Эйнар с улыбкой обвел взглядом младших братьев, и два приятеля ушли: белоголовый Эйнар и темно-русый Инги. Оба высокие, оба длинноволосые, как принято у свободных людей, оба с заплечными мешками, и всегда одетые так, словно собрались не в лес, а на молодежную посиделку с плясками и песнями. Настоящие руотси, хозяева путей и удачи. Братья Эйнара, круглоголовые, с короткими шеями, серые от пыли, сплюнули им вслед и погнали малолетних рабенков в ригу на обмолот зерна. Ничего, в другой раз они Инги ребра пересчитают!

* * *

Но и сегодня Инги с Эйнаром не удалось закончить свою запруду. Кончалось пастушеское время, начиналось время чужих, как говорили люди племени вадья. В эти дни пастух передает стадо хозяевам, получает осеннюю плату и в завершение летнего договора подносит в жертву Хозяину Леса свой рожок, пояс и кое-какие дары. Мальчишками они не один раз пытались выследить, как это происходит, но пастух всегда ускользал от них. Возможно, Хозяин Леса ему помогал, возможно, им самим не очень-то хотелось соприкоснуться с этим таинственным делом.

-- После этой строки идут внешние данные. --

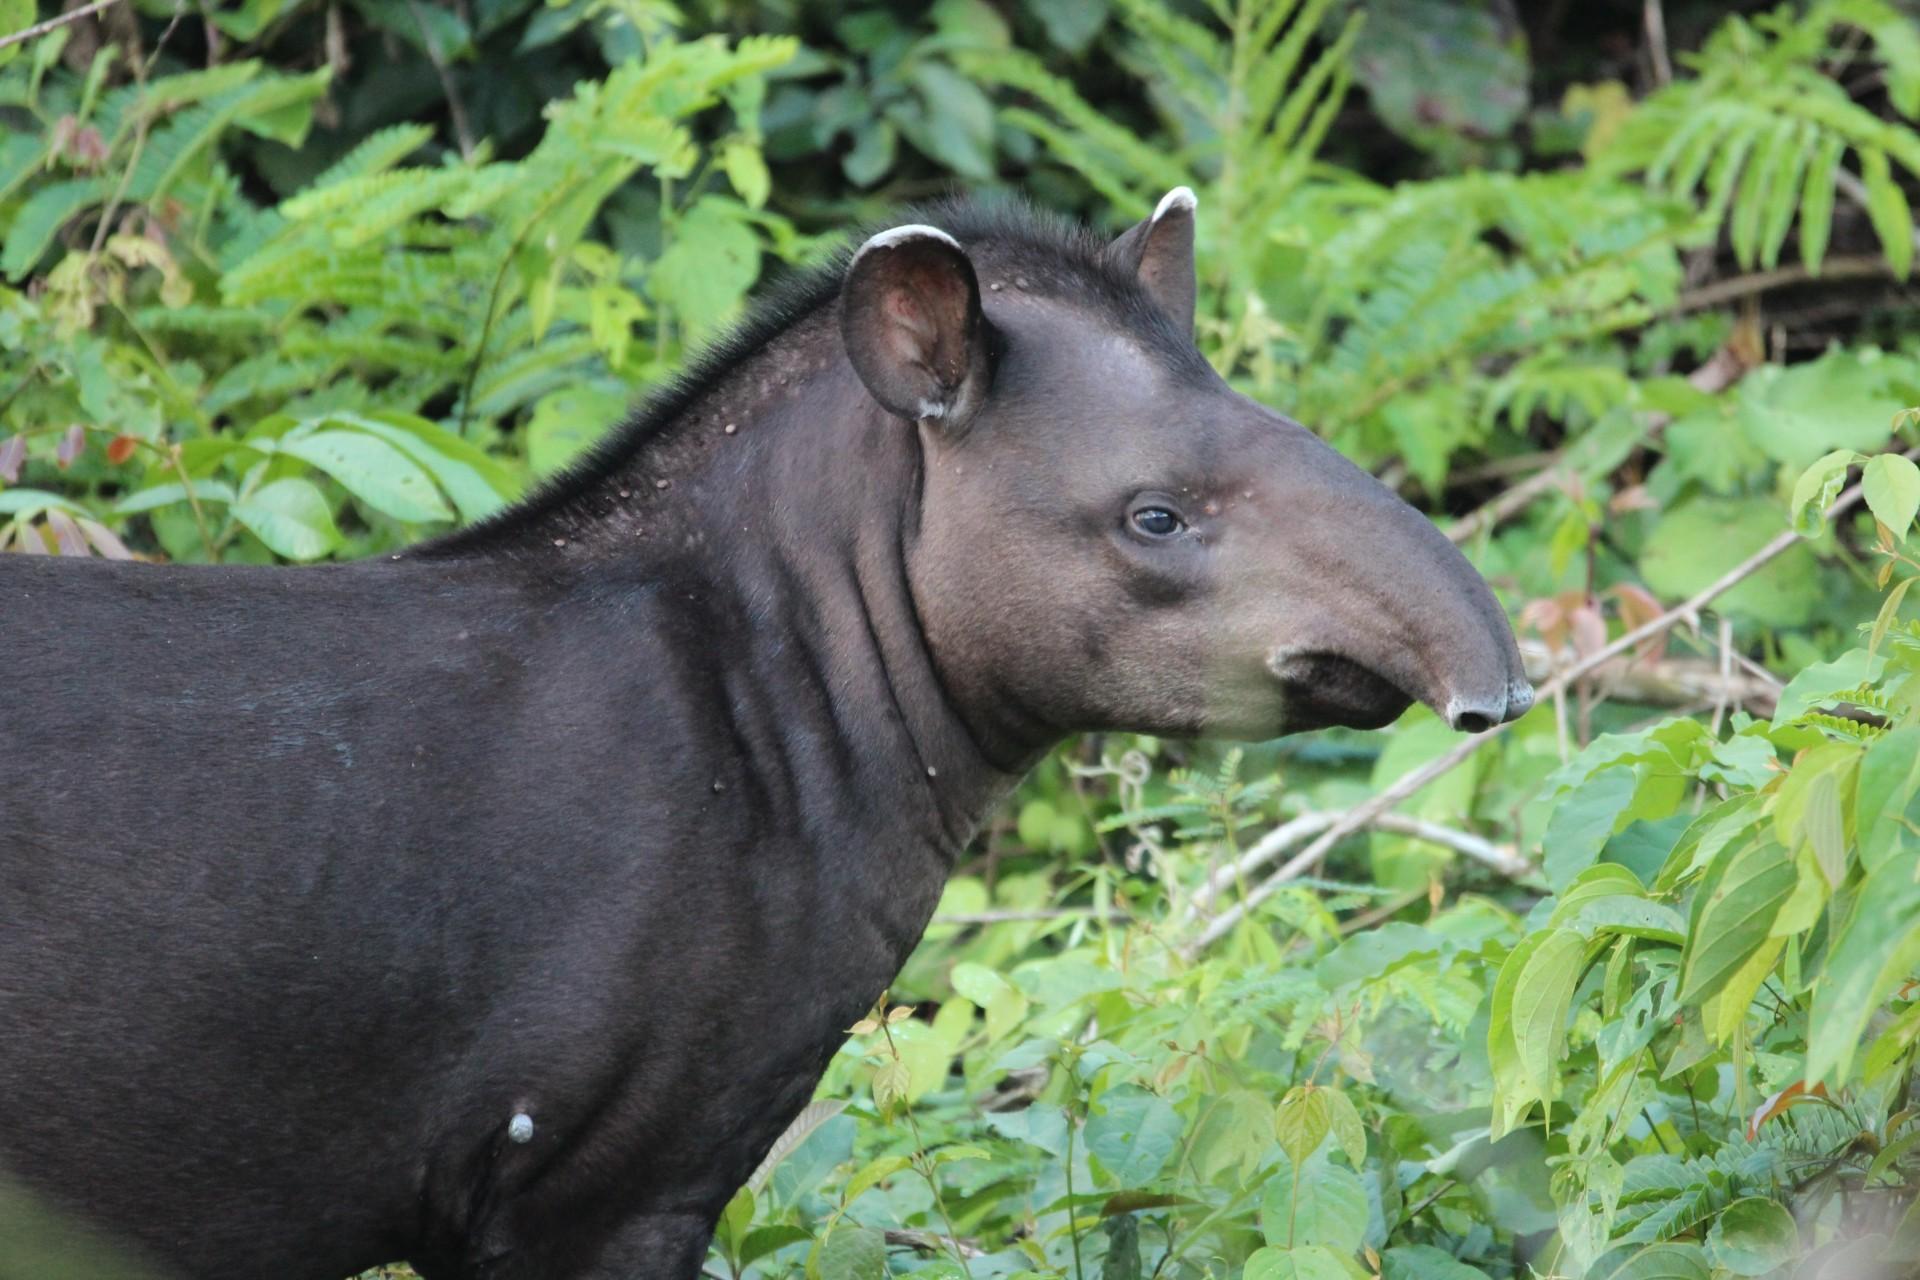 Anta (Tapirus terrestris) fotografada durante saída de campo na Fazenda São Nicolau (Foto: Gustavo Canale)

На этот раз младшие мальчишки помогали пастуху собирать стада на зимний постой, но так получилось, что к месту, где Инги с Эйнаром строили свою запруду, вдруг сбежало одно из стад коров. Перепуганные молодые коровки, бывшие еще телками в начале лета, а теперь стельные, то и дело выскакивали к их костру, который парни развели у своего навеса, чтобы можно было сушиться после работы в воде. Инги и Эйнар то просто покрикивали на них, то, отвлекаясь от своих камней, вылезали из воды и махали руками, отгоняя в сторону дома. Только тогда, когда казалось, что загонщики уже собрали стадо и их крики начали удаляться в сторону дома, Инги с Эйнаром решили поставить перемет в ближайшем омуте. Прежде чем продолжать свою возню в реке, Инги поднялся к костру погреться, накинул плащ и присел на бревно у костра.

Тишина длилась недолго – он услышал, что сквозь лес к нему кто-то приближается. Шаги были тяжелыми, и Инги только начал привставать, как на поляну к их костру вышел могучий бык, вяло пожевывая, остановился, разглядывая голого человека, с плеч которого соскользнул плащ. Бык – гора мышц, в полтора раза больше самой крупной коровы – стоял, помахивая хвостом, и не собирался скромно отправляться в зимний загон. Он пережил уже не одну зиму, так что игра по укрощению летней вольности была ему знакома.

– Хейлс, Горм, – поздоровался Инги почему-то на языке эрилов[47] с быком Гордой Илмы.

И на этот раз Эйнар оказался рядом весьма вовремя. Хлопнув резко в ладоши, он отвлек быка на себя; Горм задумался, на кого бросаться, и Инги успел схватить палку, а Эйнар – свое копье. Они хотели отогнать быка в сторону от воды, чтобы он не ушел за реку, но тот сам пуганул их так, что Инги скатился с берега. Внизу, у самой реки, обнаружилась мирно притаившаяся коровка, с невинным видом жующая прибрежную травку. Откуда бык узнал о ней, одному Велсу известно…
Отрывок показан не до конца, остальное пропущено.